Tilgate shop owners speak out over rent hike

[This is a story originally published in the Crawley Observer, republished here for submission in the NCTJ eportfolio.]

Crawley shop owners have spoken out against a council decision to increase their rent by 30 per cent, warning the rise would damage their businesses and impact on the community. 

Tilgate Parade traders have been collecting signatures for a petition, calling for Crawley Borough Council’s decision to be overturned. 

The petition, copies of which are at each of the ten shops, calling for the rent hike to be overturned, has about 2,000 signatures so far. 

Pan Jina has run Tilgate Newsagents for two decades.

He said the news made him ‘angry’ and could lead to his business folding. 

He said: “We’ll be destroyed – we can’t afford it. We haven’t drawn wages for five or six years – a 30 per cent rent hike would end it.”

As well as speaking out about the impact the increase would have on their businesses, shop owners also voiced concerns about the impact it could have on the community.

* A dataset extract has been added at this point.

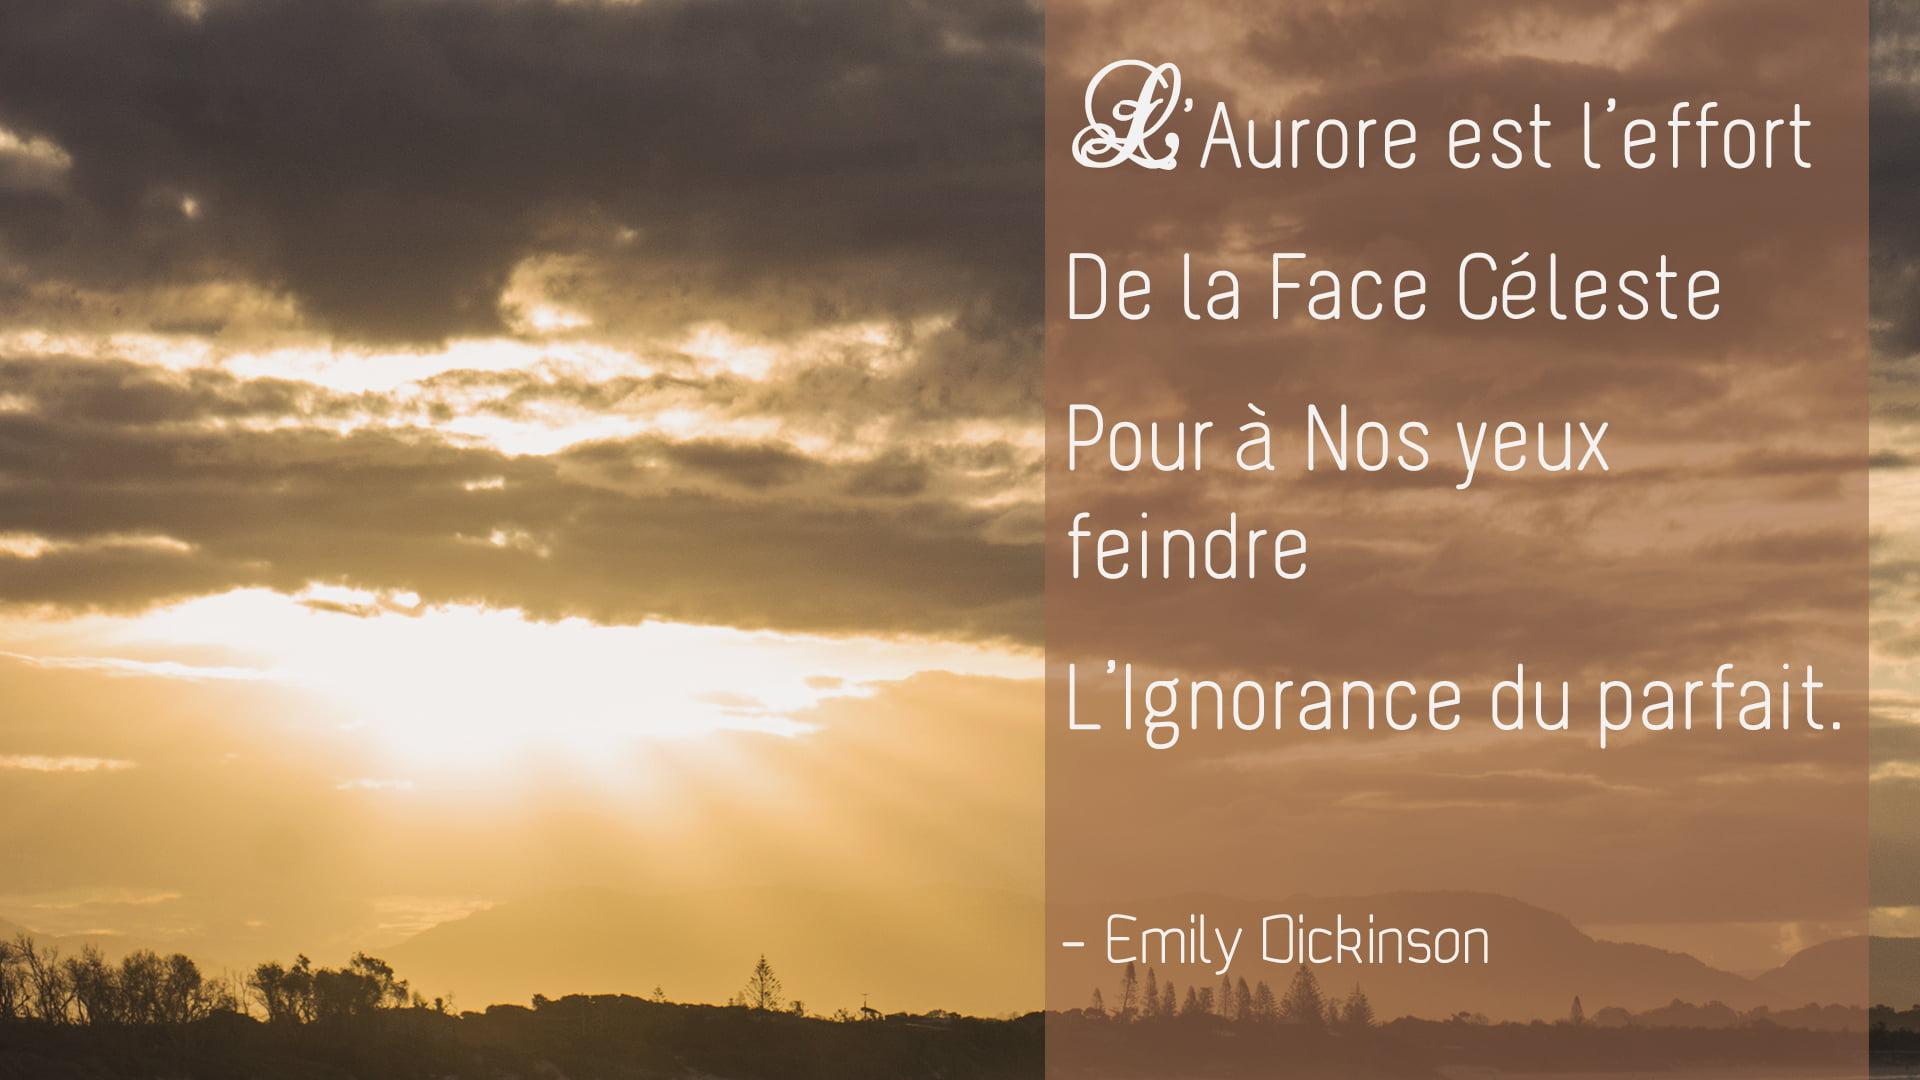 Emily Dickinson – L'aurore

Jayne Davis has worked at Panache Hair and Beauty for 41 years, rising through the ranks from Saturday girl to business owner. 

She said that the increase would be ‘unsustainable’ for the business, which is also home to a barbers and a nail salon.

She said: “I can’t put my prices up by 30 per cent. Around 65 per cent of my customers are aged over 65 – they can’t take this sort of price hike. 

“Our clients are more like friends, coming in every week. Our ladies tell us that coming to the salon is a lifeline, they tell me ‘I don’t know what I’d do if it wasn’t here’.”


Darren and Jane Kirkham own Tilgate Bakery, which had a 17 per cent rent increase three years ago.

Jane said: “We have 18 members of staff in total. This rent hike puts our growth in jeopardy, and we can’t plan ahead. I’ve worked so hard to increase our customers, our reputation.

“We have 300 people coming in every day, and we know our customers on a first name basis.”

Darren added: “This is my community. It is heartbreaking. We could go and find a cheaper place, but we play a role in the community – there are people for who we are their only contact. Councillor Lamb (borough council leader) has to show some care – he hasn’t even had a conversation with us.”


Matthew Cousins, director of Inspire estate agents, argued the increase was disproportionate.

“We will lose independent places,” he said. 

“There’s no consistency and no standardisation. We want a change in the way they negotiate rent increases, and we want a set procedure.”

“We don’t feel supported at all by the local council.”


Mr Lamb did not wish to comment when approached for comment by the Observer.